Information about these 15 primer pairs is provided in Table 2. The results showed that the average allele (Na) of the 15 SSR loci was 3.67, the minimum observed heterozygosity (HO) and expected heterozygosity (HE) were 0.095 and 0.167, and the maximum HO and HE were 1.000 and 0.788, respectively. The average PIC (polymorphic information content) value was 0.44, with four highly polymorphic loci (TH17, TH25, TH31 and TH58) having PIC values higher than 0.5.
Table 2
Genetic characteristic statistics generated by 15 SSR markers on 45 T. rupestris individuals.
Locus | Motif | Primer sequence | k | HO | HE | PIC | HW | F(Null) |
TH4 | (ATTT)7 | TGGGCTACGACGATTGAACA GCATGTACTAGCAAACTCGCA | 3 | 0.289 | 0.461 | 0.378 | ND | 0.2225 |
TH17 | (ATGAG)5 | GTGTGCAAGTGGTTGGTTGG CTGCACCGTACCATCATGGA | 5 | 0.444 | 0.672 | 0.623 | NS | 0.183 |
TH22 | (GAT)9 | TGTCTGATTCGGGCCCTAGA TGGCATGTGATTCGCCTTCT | 7 | 0.289 | 0.508 | 0.481 | ND | 0.3385 |
TH25 | (GAA)8 | TGGCATAAAGAGTGGTCTGAGG AACGGTCTCTCCTCCTCCTC | 6 | 0.409 | 0.788 | 0.746 | ND | 0.3146 |
TH28 | (GCCA)5 | TCTGTTTTGTTTAAGGCGTGCA ACACGTGTCATCTCGTCATTGA | 3 | 0.182 | 0.581 | 0.484 | *** | 0.5428 |
TH31 | (AGAAGA)5(AGA)10 | CGTGCGATTGGTGTACCTCT AGAGGTCATTACGATTTACAACCA | 4 | 0.682 | 0.714 | 0.653 | NS | 0.0189 |
TH41 | (T)13(TT)6 | GCTAGCCAACACACCACTCT ACCCTAGGTGGCTACGAGTT | 2 | 0.295 | 0.255 | 0.22 | ND | -0.0764 |
TH44 | (TTC)7 | ACTCGATCCTCTCCCTAAAGGA CATAGGAGACGAGCAGAGGC | 3 | 0.095 | 0.304 | 0.268 | ND | 0.5373 |
TH49 | (AT)13(ATAT)6 | GTTGTACTAGGTGGCTGCCC GCTGATGGCTAGGATTCACT | 2 | 1.000 | 0.506 | 0.375 | *** | -0.333 |
TH50 | (ACC)7 | ACGACGTCACCTCCGTAAAC AGATTGAAGAGGCGGTGGTG | 2 | 0.605 | 0.499 | 0.372 | NS | -0.1015 |
TH53 | (CTT)9 | CCTACTGGCATCGAGACACC GGGATCTCCACTCCAACAGC | 3 | 0.128 | 0.167 | 0.155 | ND | 0.1229 |
TH58 | (CAAAA)5 | TCATTCTCTGCACCAACCCC GGACGTGGAGGCATTCTTGA | 6 | 0.622 | 0.773 | 0.729 | NS | 0.1122 |
TH67 | (ATGGTG)5 | CACAATCTTCCCTAAAAAGGCACA GAACCAAACCGCCCGAATTC | 3 | 0.200 | 0.388 | 0.349 | ND | 0.3055 |
TH80 | (GAAGAT)5 | TTGTCATCTTCCGCGGTGAA TCCACACCCTCATGATCGGA | 3 | 0.089 | 0.401 | 0.36 | ND | 0.6677 |
TH92 | (TTTGT)5 | TGAATGGGCAAAGGTCAACT ACCATACAAAGTTTTTGCATCCT | 3 | 1.000 | 0.564 | 0.46 | *** | -0.3011 |
Mean | | | 3.67 | 0.42 | 0.51 | 0.44 | | 0.17 |
k: the number of alleles, HO: Observed heterozygosity, HE: Expected heterozygosity, PIC: Polymorphism information content, HW: Significance of deviation from Hardy-Weinberg equilibrium. NS = not significant, *** = significant at the 0.1% level, ND = not done. These significance levels include a Bonferroni correction if the Bonferroni correction option was selected. F (null): Null allele frequency.

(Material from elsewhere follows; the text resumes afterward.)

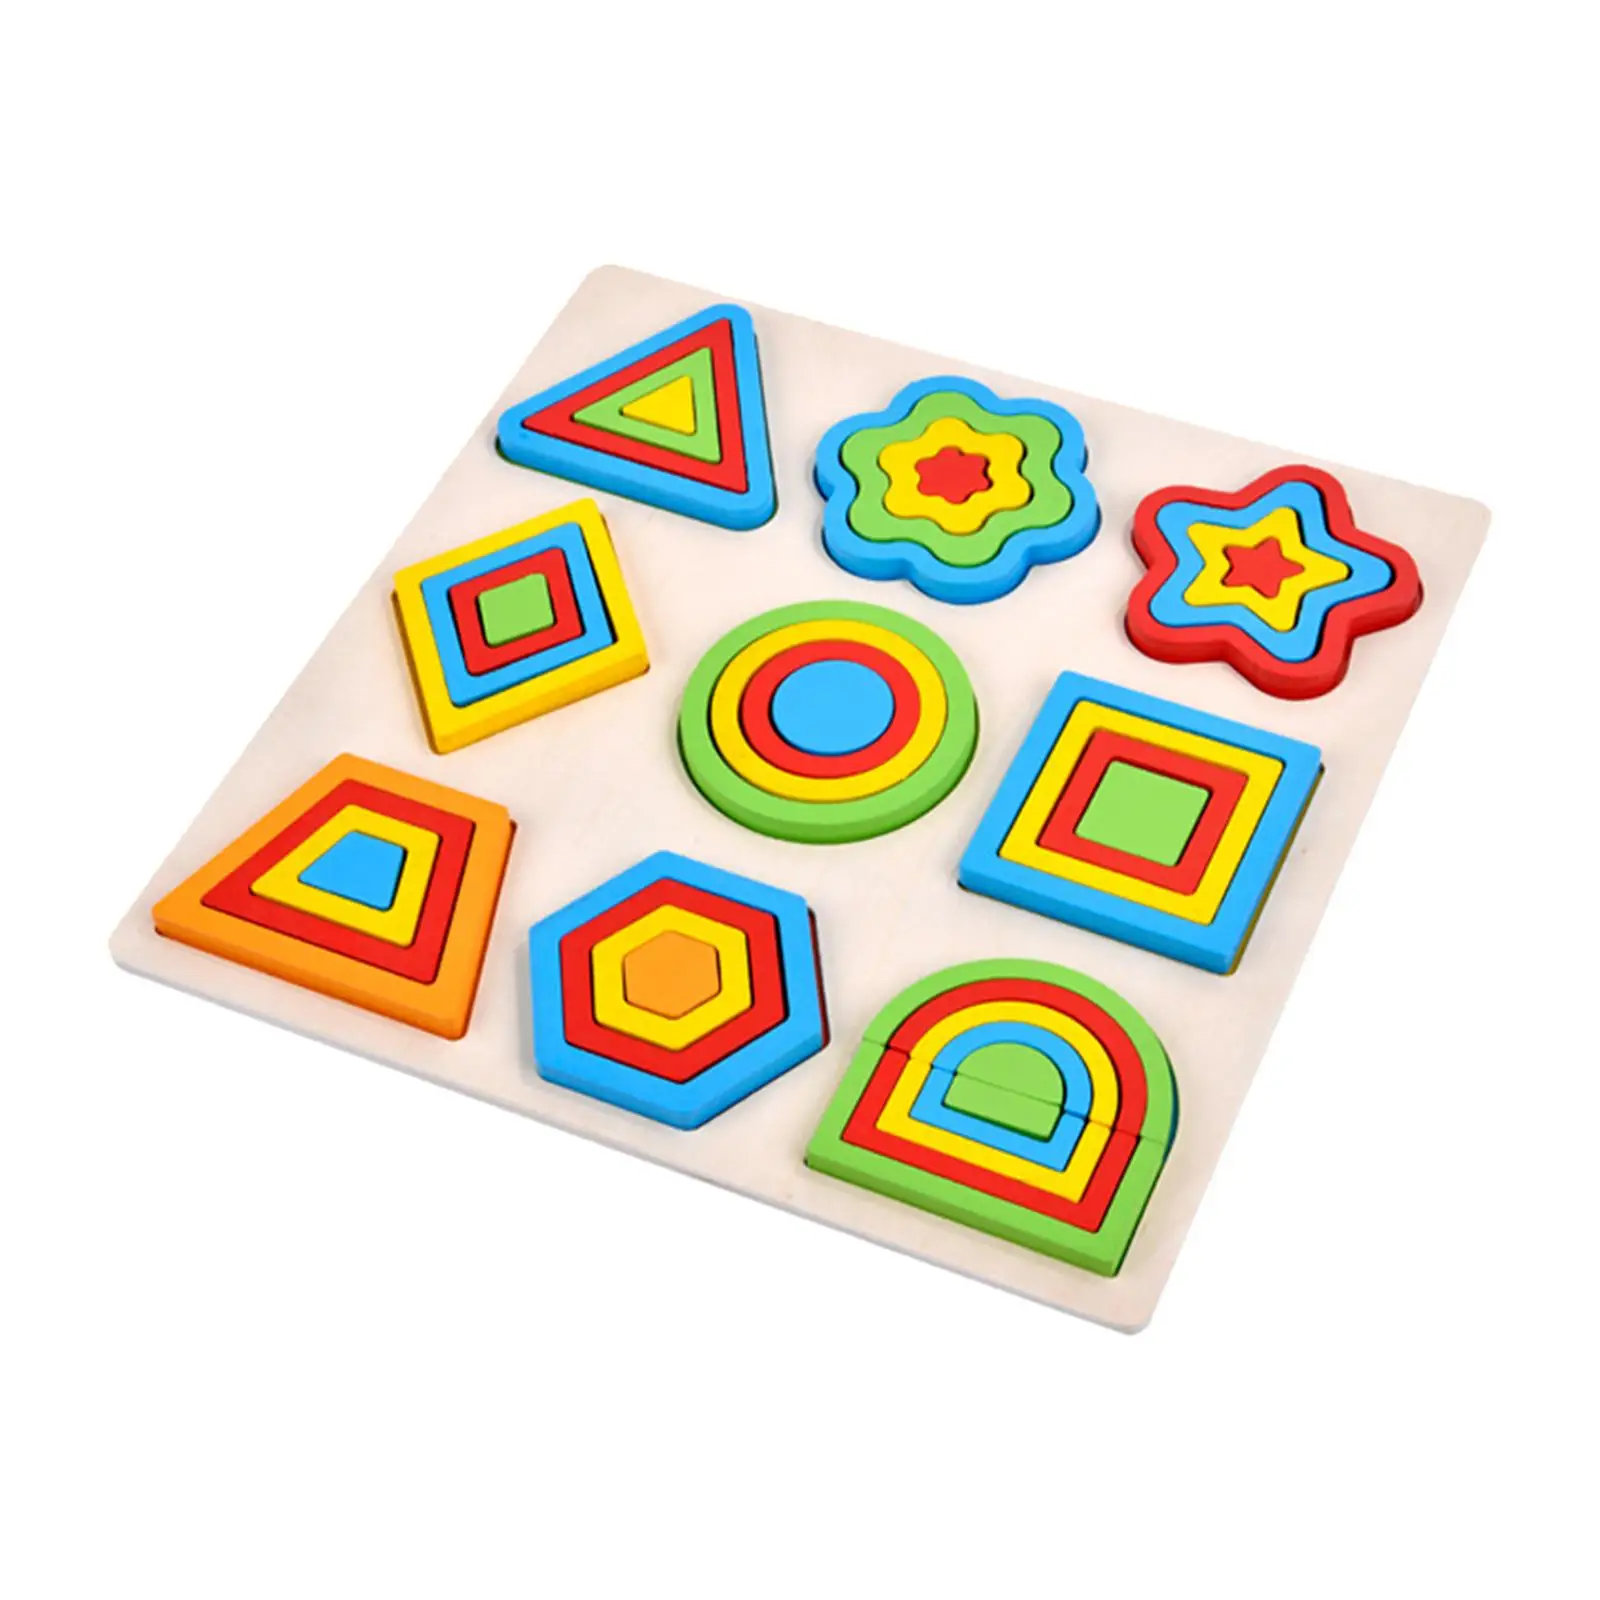 Wooden Puzzle Fine Motor Skills Montessori Colorful Teaching Aids Manipulative Puzzle for Kids Girls Birthday Gift
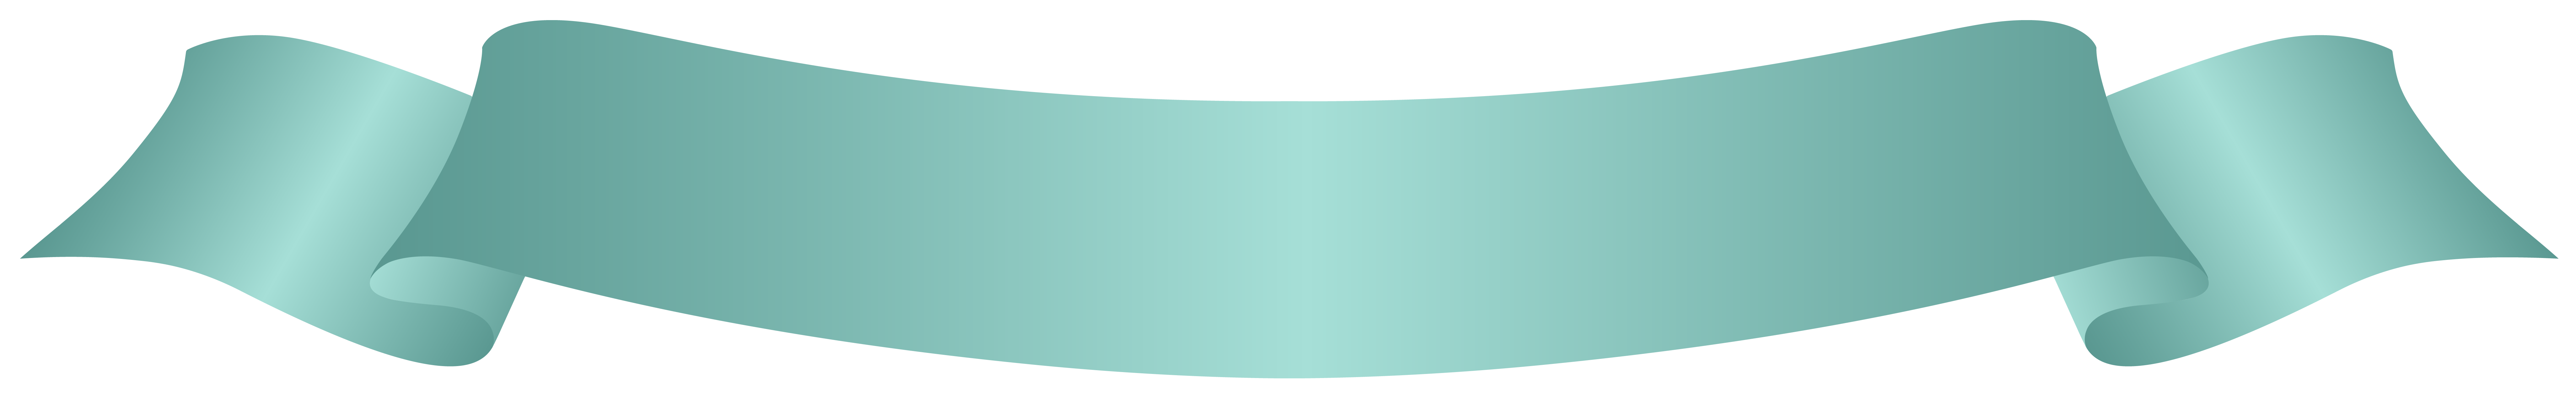 Turquoise Banner Download Transparent PNG Image

The results in Fig. 7 showed that the SSR markers could distinguish genetic differences among populations based on different geographical locations. Since the two populations sampled were only one kilometer apart, there was gradual genetic penetration between the populations. Two coordinates explain 15.73% and 13.14% of the overall genetic variation, respectively.
Numerous genome-wide SSR loci have been identified, paving the way for the creation of high-density genetic maps and research into the regulatory mechanisms of T. rupestris therapeutic components. It also serves as a useful reference for future genomic in vestigations and molecular markers.